Appropriability conditions can be operationalized on the sector level. It relates to how well intellectual property can protect new knowledge generated in a given sector to spill over into its environment. In certain industries the conditions are more favorable to protecting intellectual property, whereas in other sectors the conditions are such that spilling over of information, ideas, and knowledge is rather valuable to competitors and cannot be prevented. As in Ebersberger and Herstad (2012) we measure the appropriability regime indirectly employing the spillover approach utilized in Belderbos et al. (2004). There horizontal spillovers are measured directly as the importance firms assign to the information spilling over from competitors. As an indicator for the weakness of the appropriability regime in a sector we measure the fraction of innovating companies assessing information from competitors as important for their innovation activities. We will assume that the appropriability conditions do not only apply to corporate firms but also to universities.

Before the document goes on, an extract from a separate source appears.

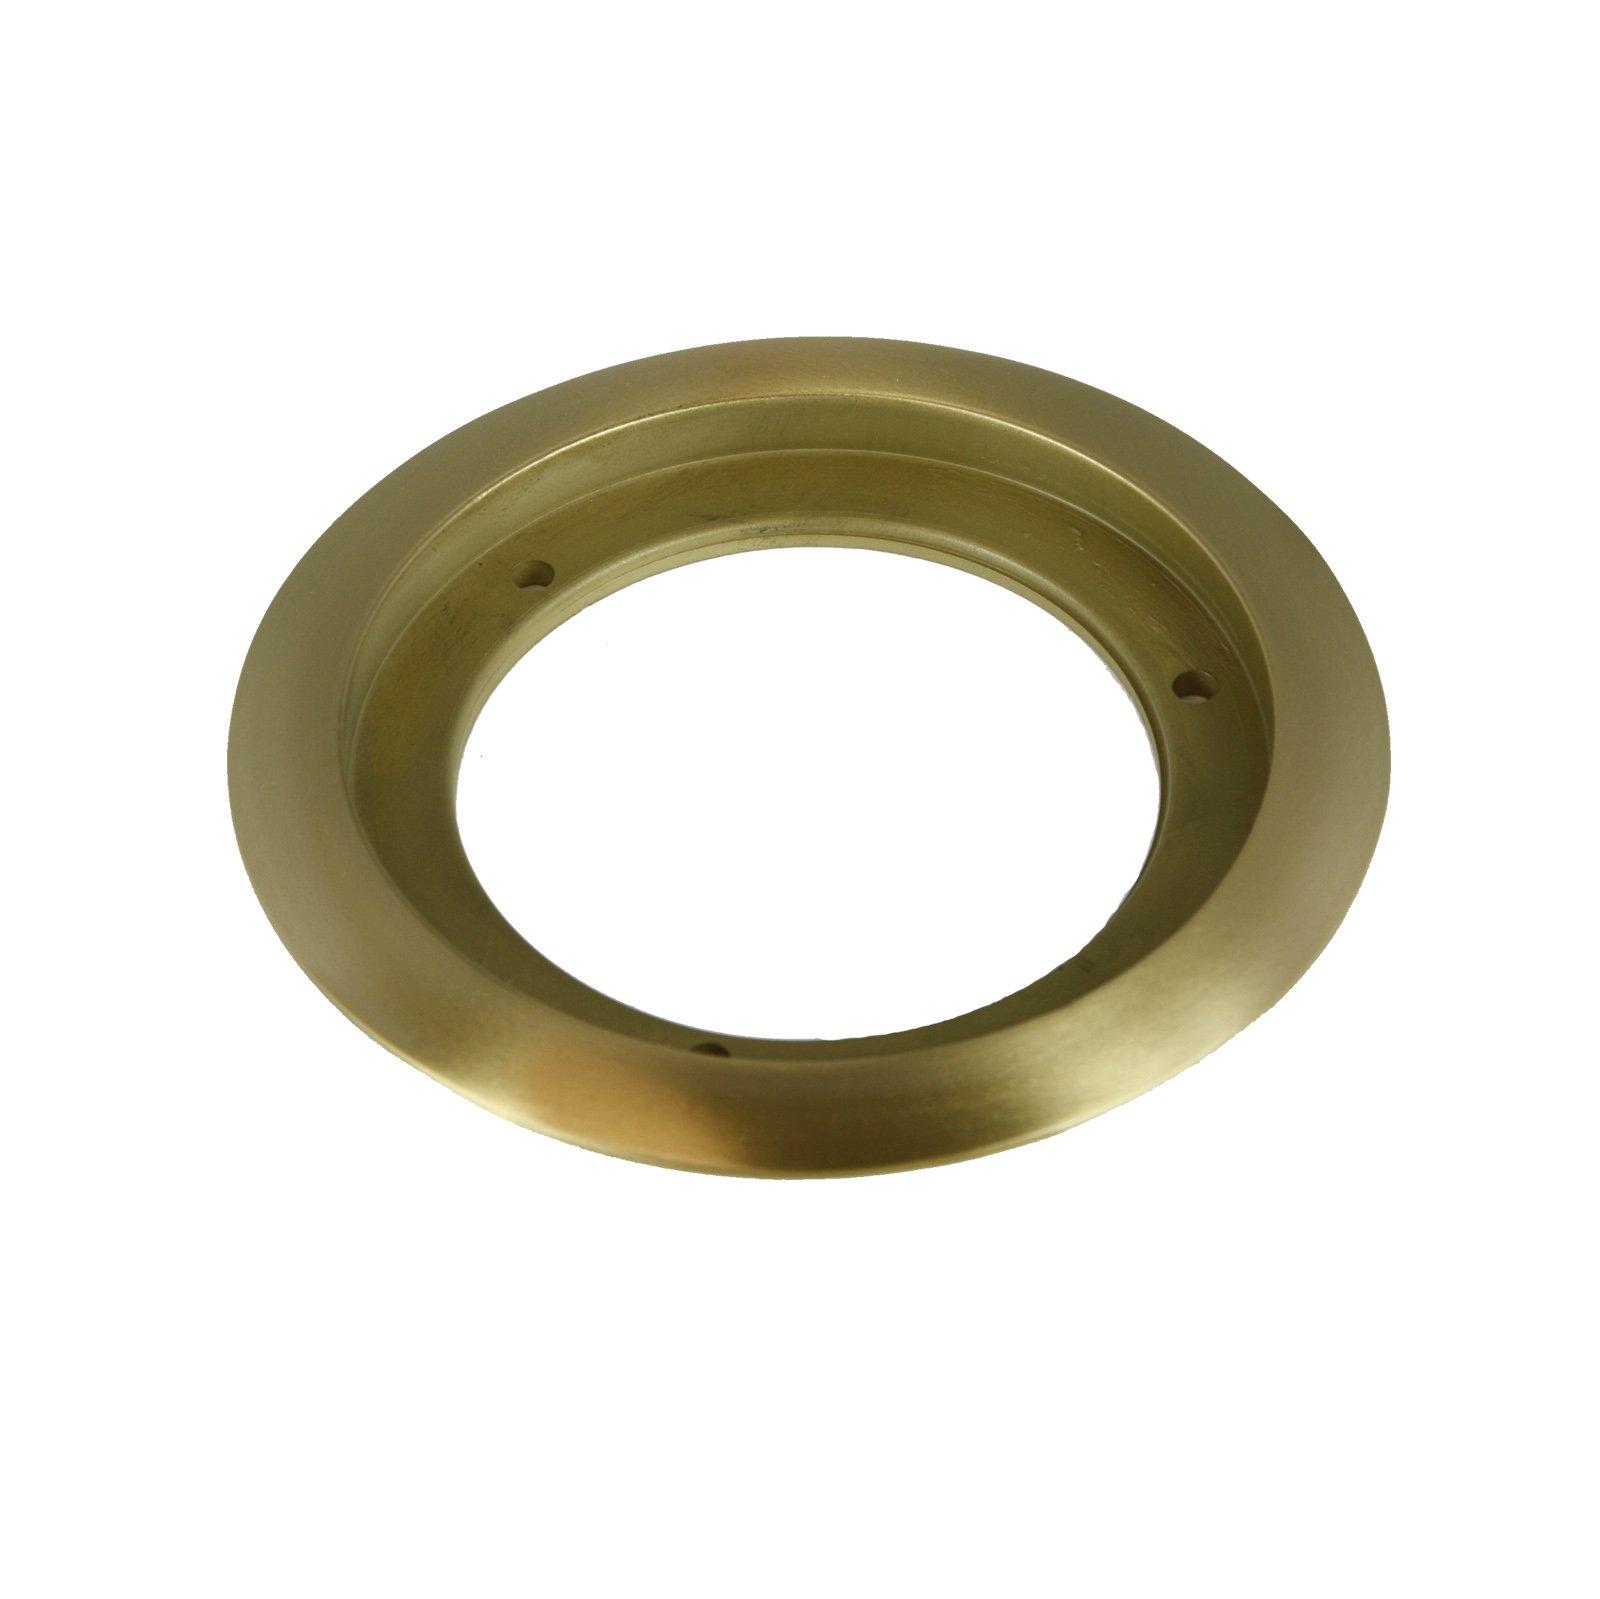 ENERLITES Recessed Flange Mounting Ring for Round 4'' Floor Box Covers, 5.25'' Diameter, Corrosive Resistant, 975518-C, Brass
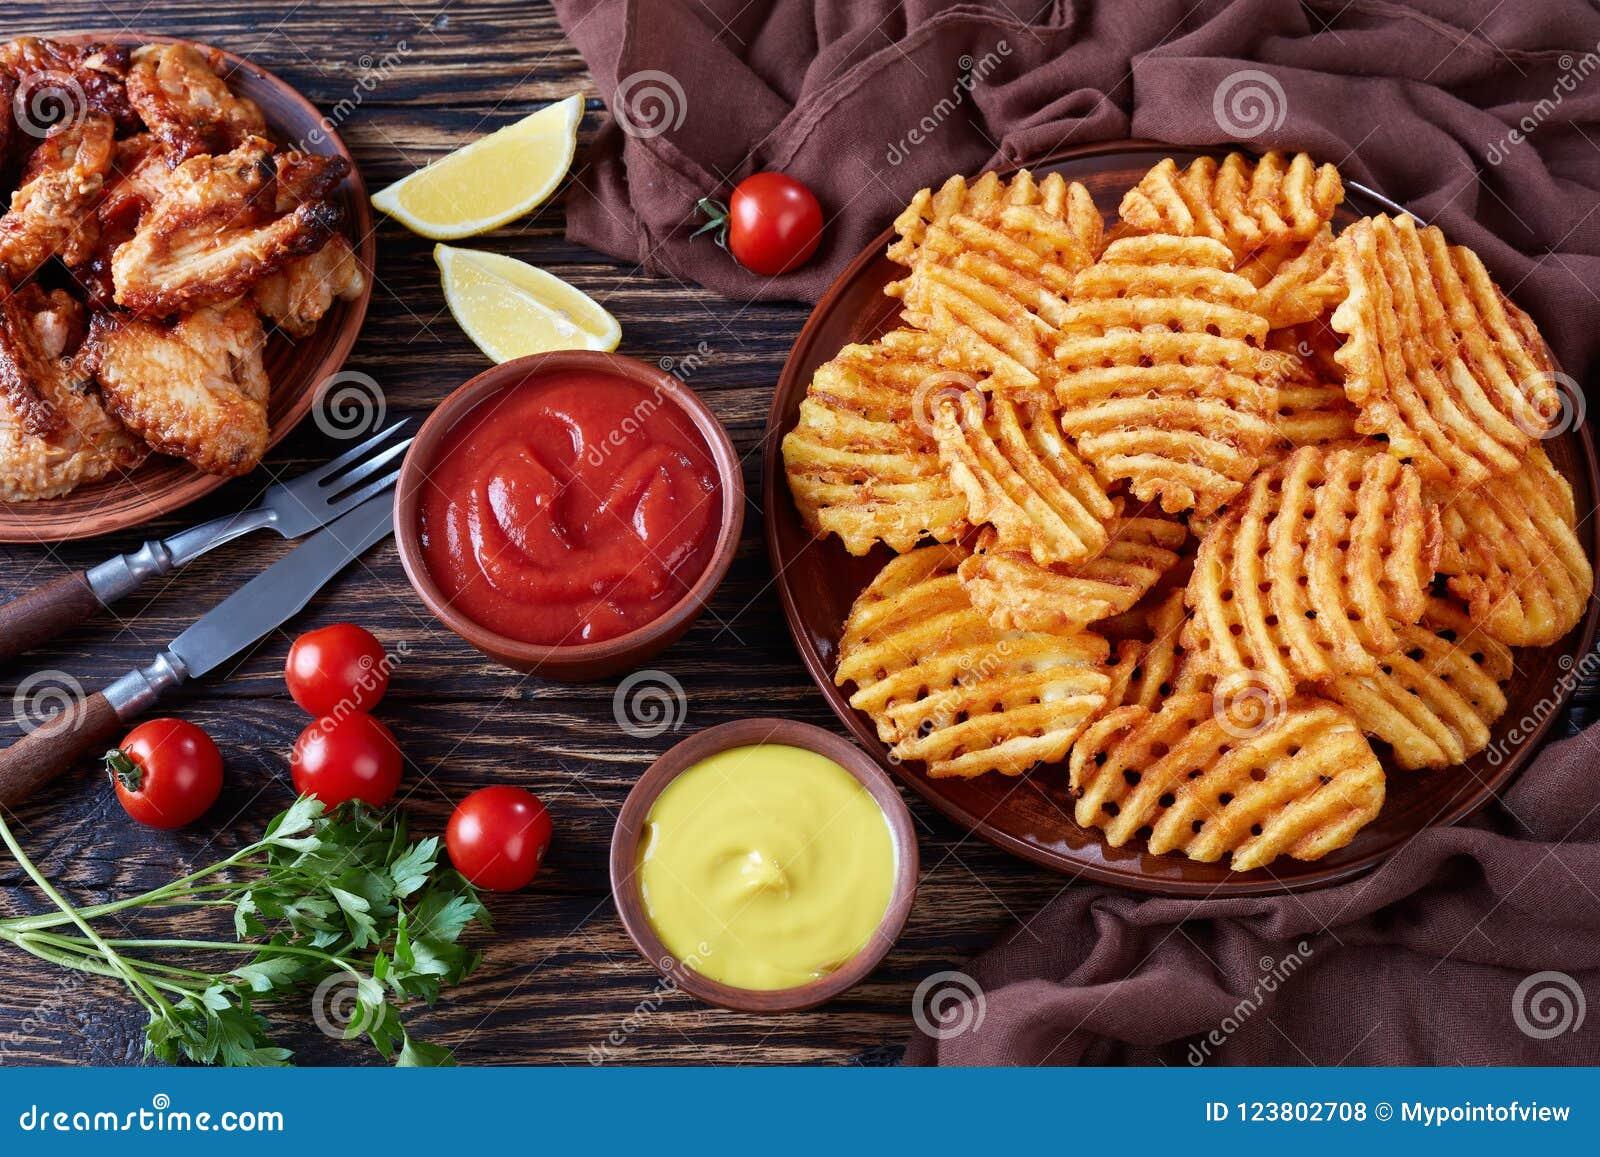 Crispy Potato Waffles Fries, Top View Stock Photo - Image of

3.2.2 Innovation and Knowledge
The innovation intensity is captured by the fraction of turnover spent on innovation activities; that is, the innovation expenditure divided by the turnover. We use the information on search channels to build in indicator of the cumulativeness of the knowledge base. We assume that the relative importance of external and the internal search captures the degree to which firm specific knowledge is accumulated and serves as a crucial ingredient to the current innovation process. Consequently, if a firm assigns higher importance to internal sources than to all other external sources, cumulativeness of the knowledge base is assumed (see Peneder 2007).
3.2.3 Internationality
Multinationality of a corporate network a firm is affiliated with may have an impact on the access to resources, directly impacting on the immediate need for informal external interfacing with the science system. On the other hand, multinationality of the network might be a precondition to lower the cost for external interfacing with international partners. A firm can be affiliated with a multinational network in basically two different ways—through foreign ownership or through being a domestic multinational (Ebersberger and Herstad 2012). The indicator for foreign ownership can be directly derived from the innovation survey as it inquires whether the firm is affiliated with a corporate group. If so, the survey inquires about the country, where the headquarters of the group is located. A dichotomous variable indicating affiliation to a corporate group, which is not headquartered domestically serves as all indicator for foreign ownership. The data set contains about 11 % of foreign-owned companies.
We follow Ebersberger and Herstad (2012) in determining the multinationality of a domestically headquartered corporate group and derive it from the information about innovation collaboration. About 1.5 % of the companies in the data set are affiliated to a domestic multinational network.
The effect of internationalization of firms on their innovation activities and their sources of inspiration have been discussed in the literature: Incentives to innovate are related to the size of the market on which the firm can commercialize the innovation. The decision to innovate also seems intensely intertwined with the companies’ international orientation. We capture the international orientation by a dichotomous variable, which takes the value one if the firm reports that the most important markets are international. The most prominent indicator for international orientation, i.e. share of exports cannot be used as the export is not consistently surveyed as a firm demographic characteristic in the Community Innovation Surveys available.
3.2.4 Openness
As Laursen and Salter (2004) show the overall openness of the innovation process is a strong determinant of firms’ utilization of knowledge spillovers from universities. We include three measures of openness in the regressions: the diversity of search with other corporate actors in the innovation system, the diversity of collaboration, and the diversity of the protection strategy of the firms. An extensive discussion of these indicators can be found in Ebersberger et al. (2011).
3.3 Method
Since the dependent variable is dichotomous we use a probit regression model to determine the effect of the characteristics on the use and appreciation of universities as sources of inspiration. Yet, the dependent variable can only be observed with firms that carry out innovation activities. Hence, we have to control for this selection bias and model the firms’ decision to carry out innovation activities by a probit regression model. Including the Mills’ ratio of the latter as an independent variable in the first regression model we control for the selection bias in a two-step estimation process.
4 Results
The results of the second step of the regression model, that is, the regression of the use and appreciation of universities as sources of inspiration for innovation, are reported in Table 19.2. To investigate the robustness of the models the same regression models are applied to all observations (Model I), to small and medium-sized firms (Model II), to firms in high technology (Hatzichronoglou 1997; OECD 2001) sectors (Model III), to firms in knowledge-based service (Hatzichronoglou 1997; OECD 2001) industries, and to firms from small countries (Model V). Table 19.2 reports the marginal effects rather than the coefficient estimates.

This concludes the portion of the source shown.